Carla Gómez

Personal information
- Full name: Carla Gómez Torres
- Date of birth: 28 February 1994 (age 31)
- Place of birth: Terrassa, Spain
- Height: 1.57 m (5 ft 2 in)
- Position: Midfielder

Team information
- Current team: Ultimate Móstoles
- Number: 8

Youth career
- 2009–2010: Espanyol
- 2010–2012: Barcelona

Senior career*
- Years: Team / Apps / (Gls)
- 2012–2015: CE Sant Gabriel / 78 / (18)
- 2015–2016: UD Granadilla Tenerife / 30 / (4)
- 2016–2017: Zaragoza / 29 / (2)
- 2017–2020: Santa Teresa / 36 / (1)
- 2020–2021: Real Unión de Tenerife / 24 / (5)
- 2021–2022: Real Oviedo / 30 / (1)
- 2022–2023: Racing de Santander / 26 / (4)
- 2023–2024: Al-Riyadh / 14 / (2)

= Carla Gómez =

Spanish footballer

Carla Gómez Torres (born 28 February 1994) is a Spanish professional footballer who plays as a midfielder for Ultimate Móstoles in the Queens League.

==Career==
Carla Gómez developed in the youth teams of RCD Espanyol and FC Barcelona. Between 2012 and 2015, she played for CE Sant Gabriel, where she played in the Primera División and scored 14 goals in the 2014–15 season where she finished top 7 in the top scorers. In the summer of 2015, she signed with Canary Islands based team UD Granadilla Tenerife., where she stayed for only one season. The following year she joined Zaragoza. From 2017 to 2020 she played for Santa Teresa, In June 2018, she extended her contract with the club for few more seasons. in the 2020–21 season, she played for Real Unión de Tenerife.
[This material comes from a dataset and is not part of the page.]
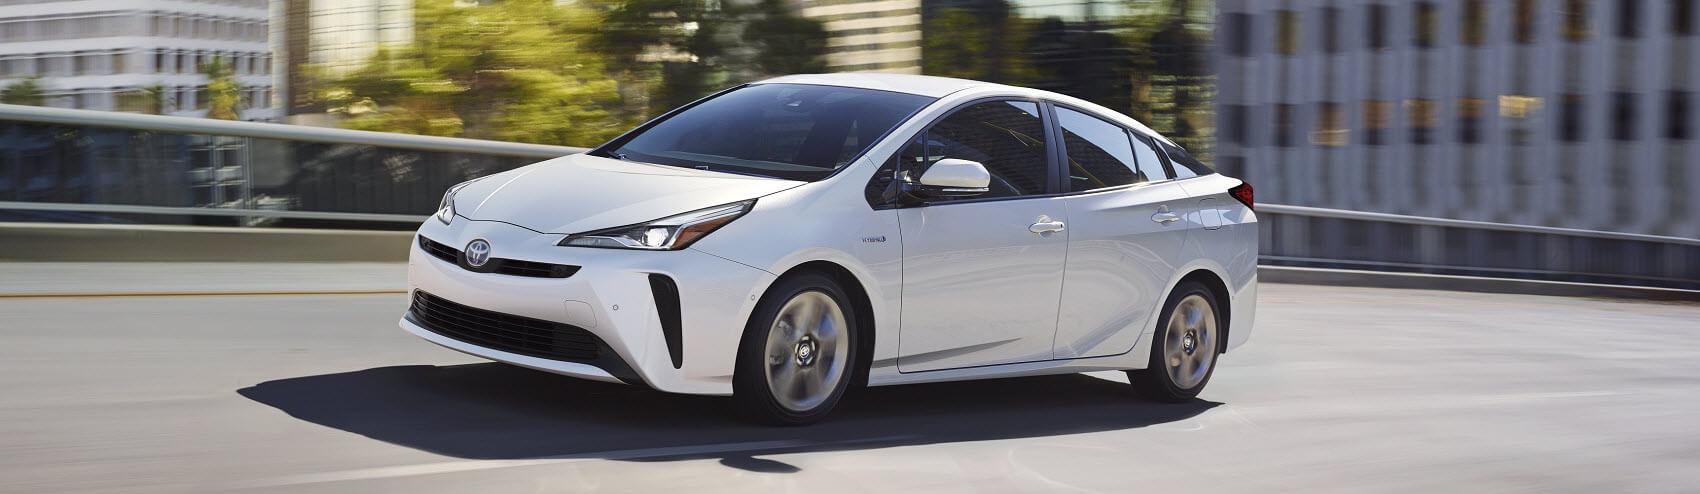 Toyota Prius White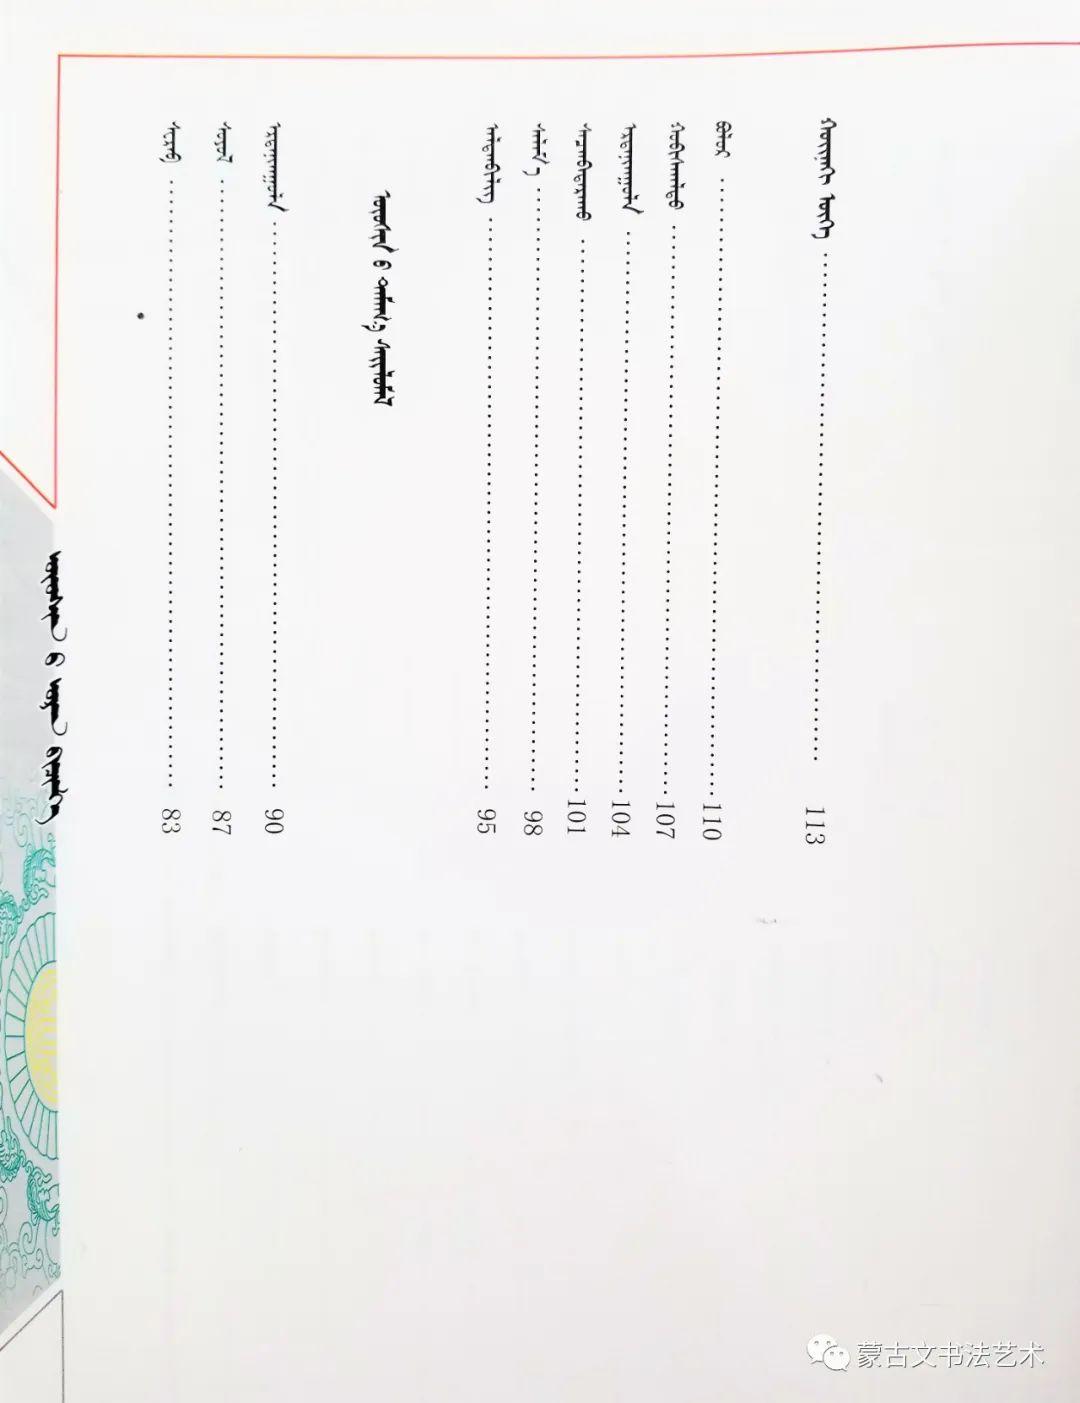 阿拉腾毕力格《乌审旗书法与篆刻精选》 第8张 阿拉腾毕力格《乌审旗书法与篆刻精选》 蒙古书法

On 4 June 2021, Tenerife announced the departure of Gómez from the team. In the following two years, she has played for Real Oviedo and Racing de Santander.

In September 2023, Al-Riyadh announced the signing of Gómez for one season. On 4 November 2023, she debuted for the team coming as a substitute in the 65th minute in a 4–0 loss to Al-Hilal. She scored her first goal for the team in the round of 16 of 2023–24 SAFF Women's Cup match against Al-Hmmah.